-- WHAT IS EXPECTED --
From the entries below, reproduce exactly the line containing "Adidas Ladies Sneakers", the line containing "Wallpaper 28180660 1280x1024", and every line in between, with nothing added.

-- PROVIDED DATA --
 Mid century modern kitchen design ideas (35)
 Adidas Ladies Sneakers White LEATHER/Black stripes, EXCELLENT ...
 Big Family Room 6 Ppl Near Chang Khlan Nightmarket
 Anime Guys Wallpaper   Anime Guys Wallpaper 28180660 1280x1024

==

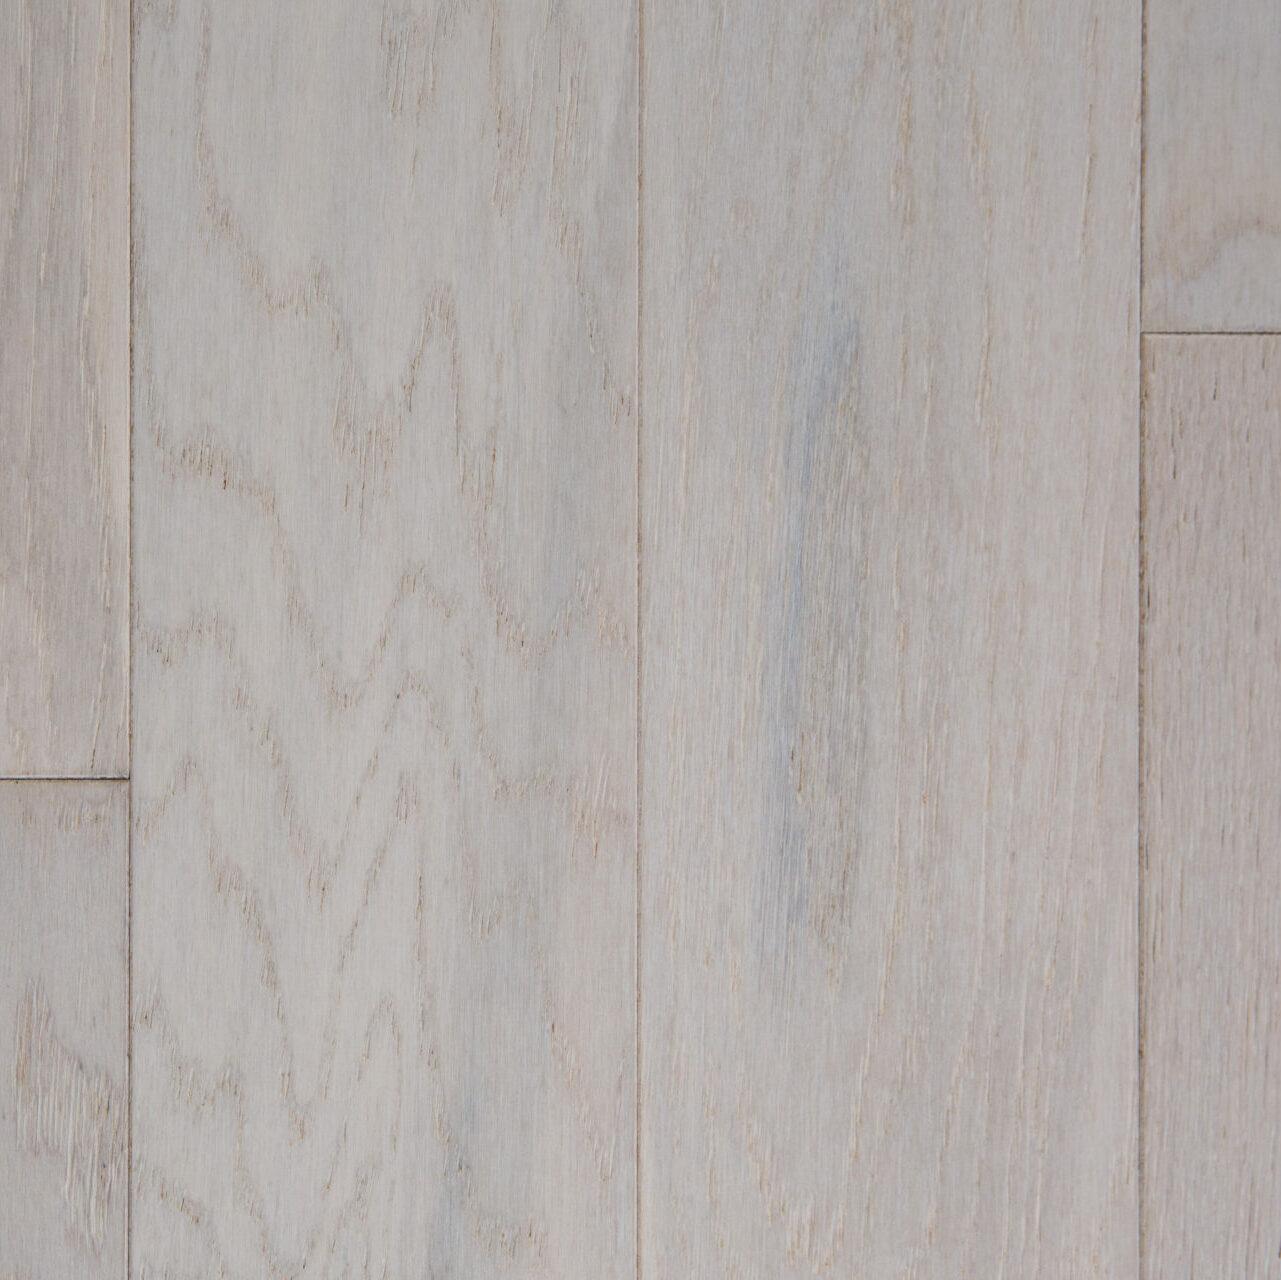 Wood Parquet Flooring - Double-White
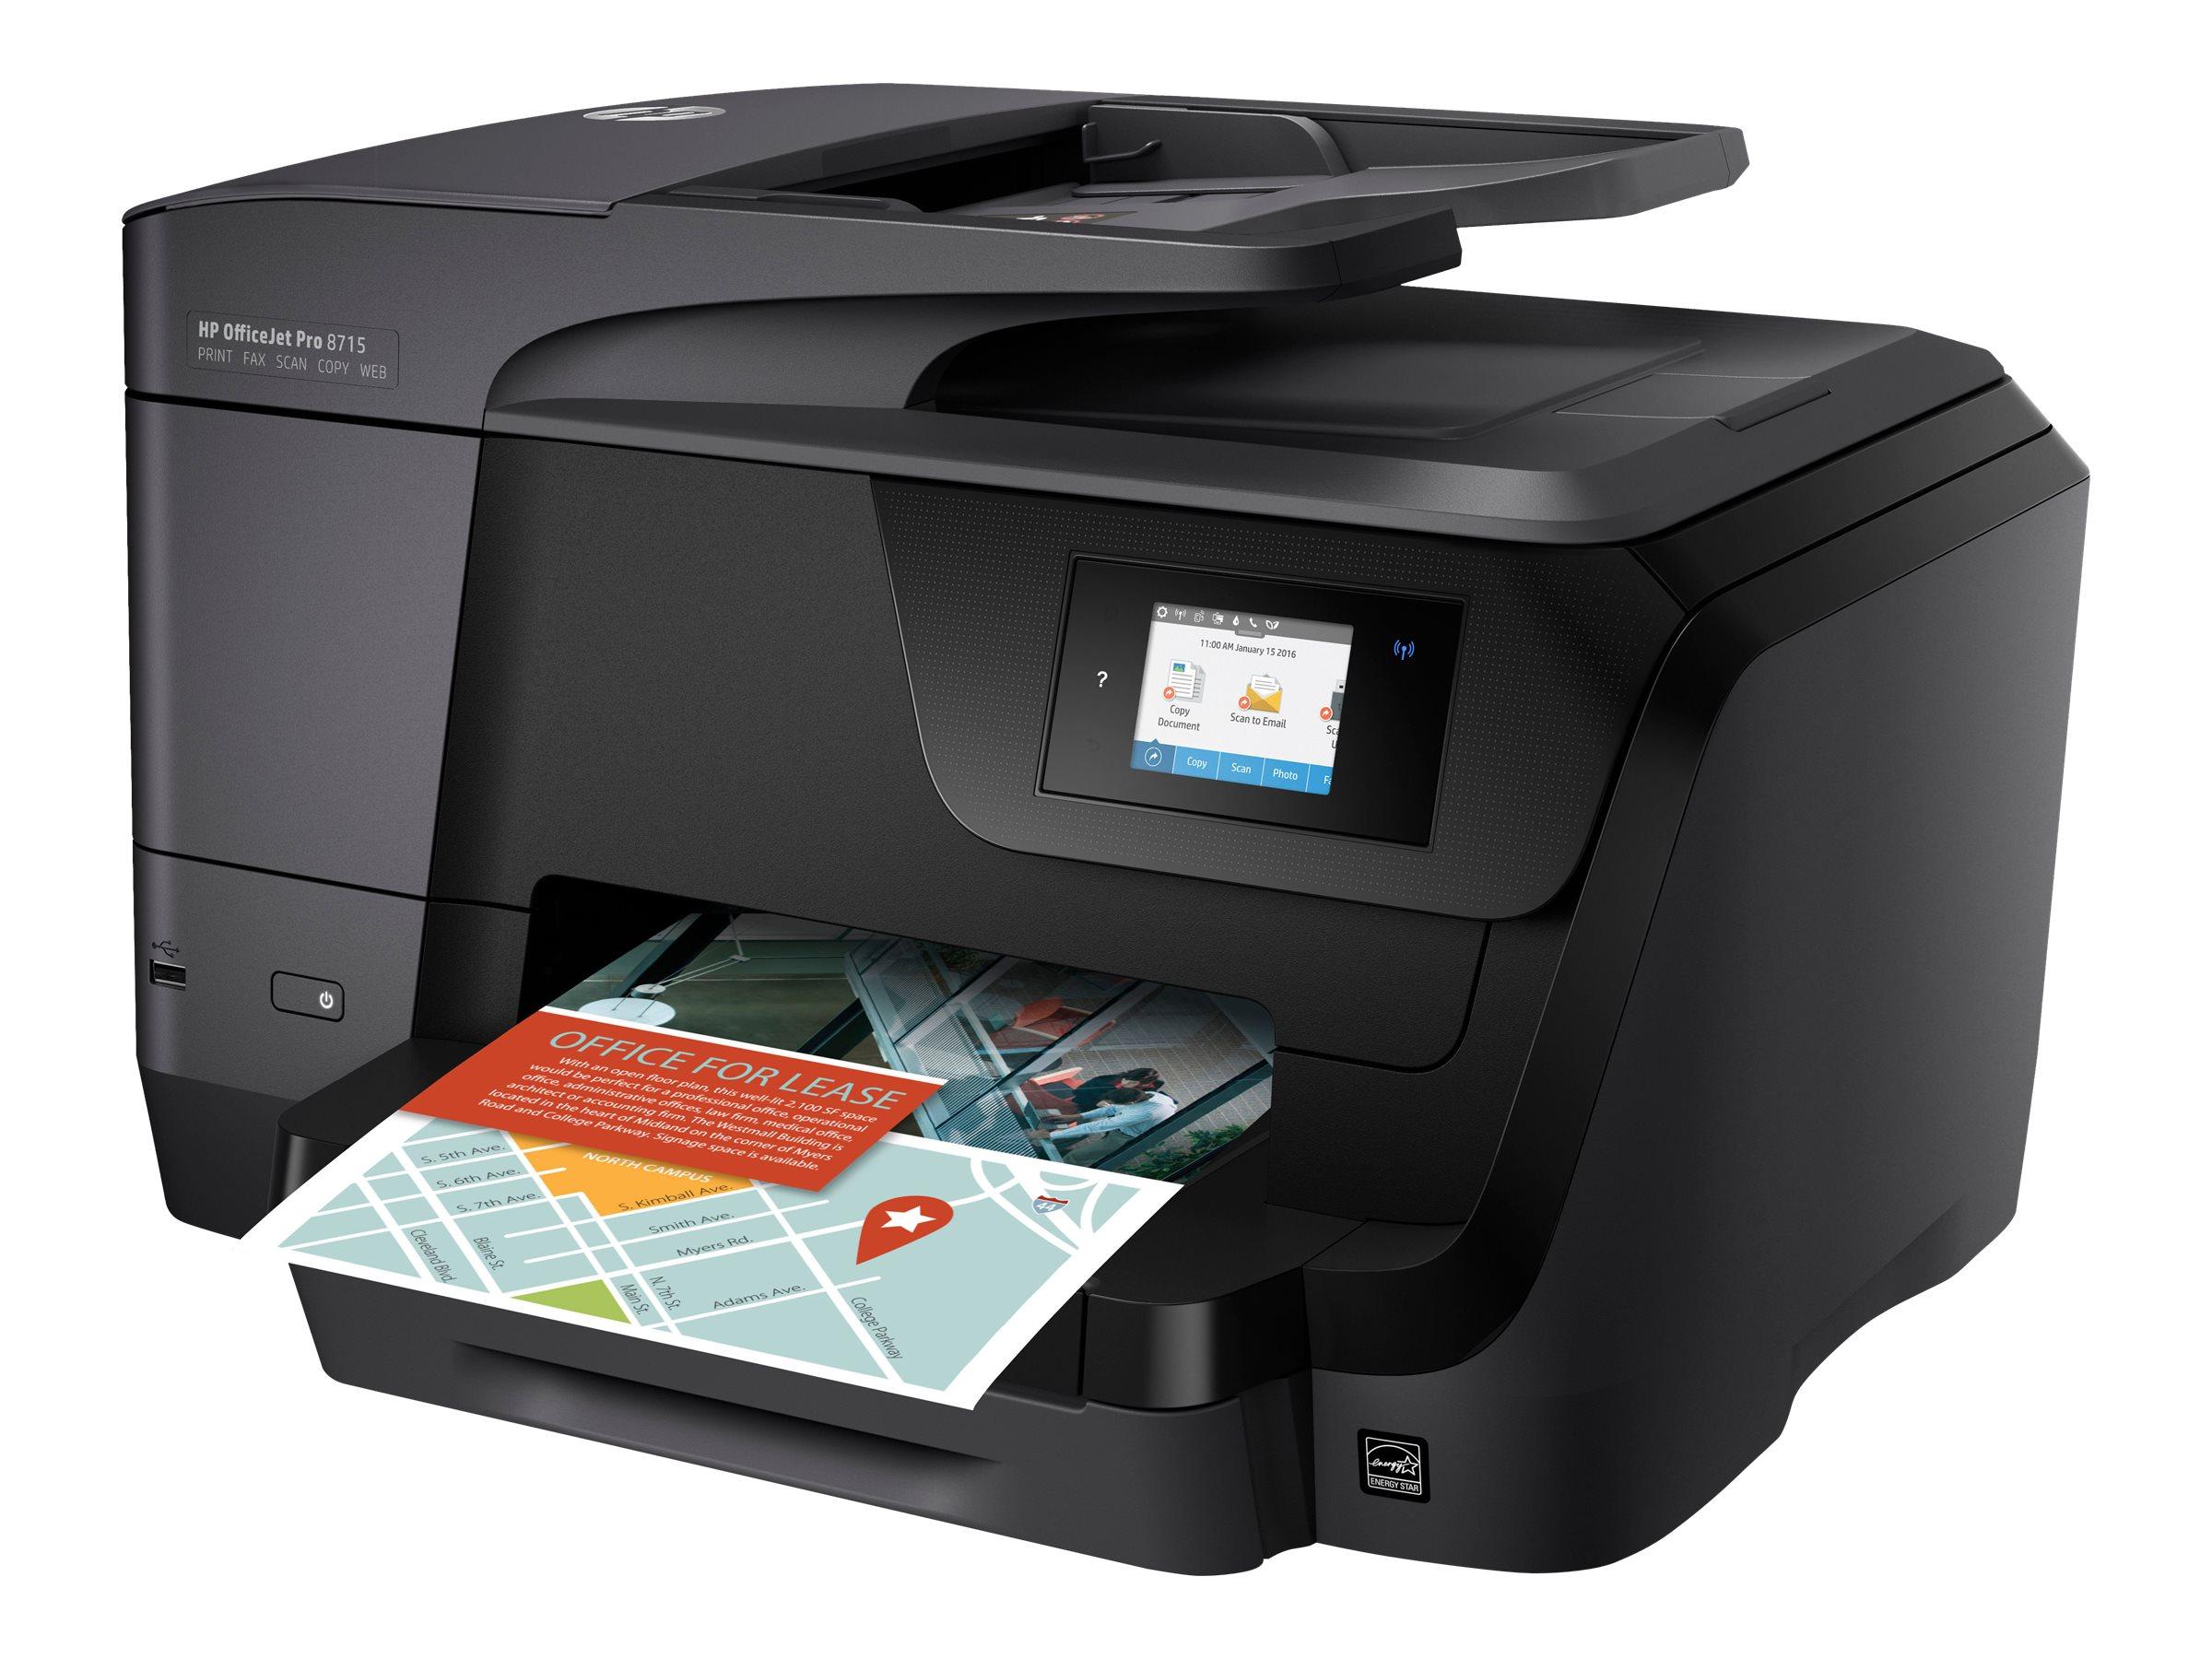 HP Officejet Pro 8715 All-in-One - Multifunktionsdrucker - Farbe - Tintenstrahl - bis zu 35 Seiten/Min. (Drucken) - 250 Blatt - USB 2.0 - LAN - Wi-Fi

-- TASK RESPONSE --
 Adidas Ladies Sneakers White LEATHER/Black stripes, EXCELLENT ...
 Big Family Room 6 Ppl Near Chang Khlan Nightmarket
 Anime Guys Wallpaper   Anime Guys Wallpaper 28180660 1280x1024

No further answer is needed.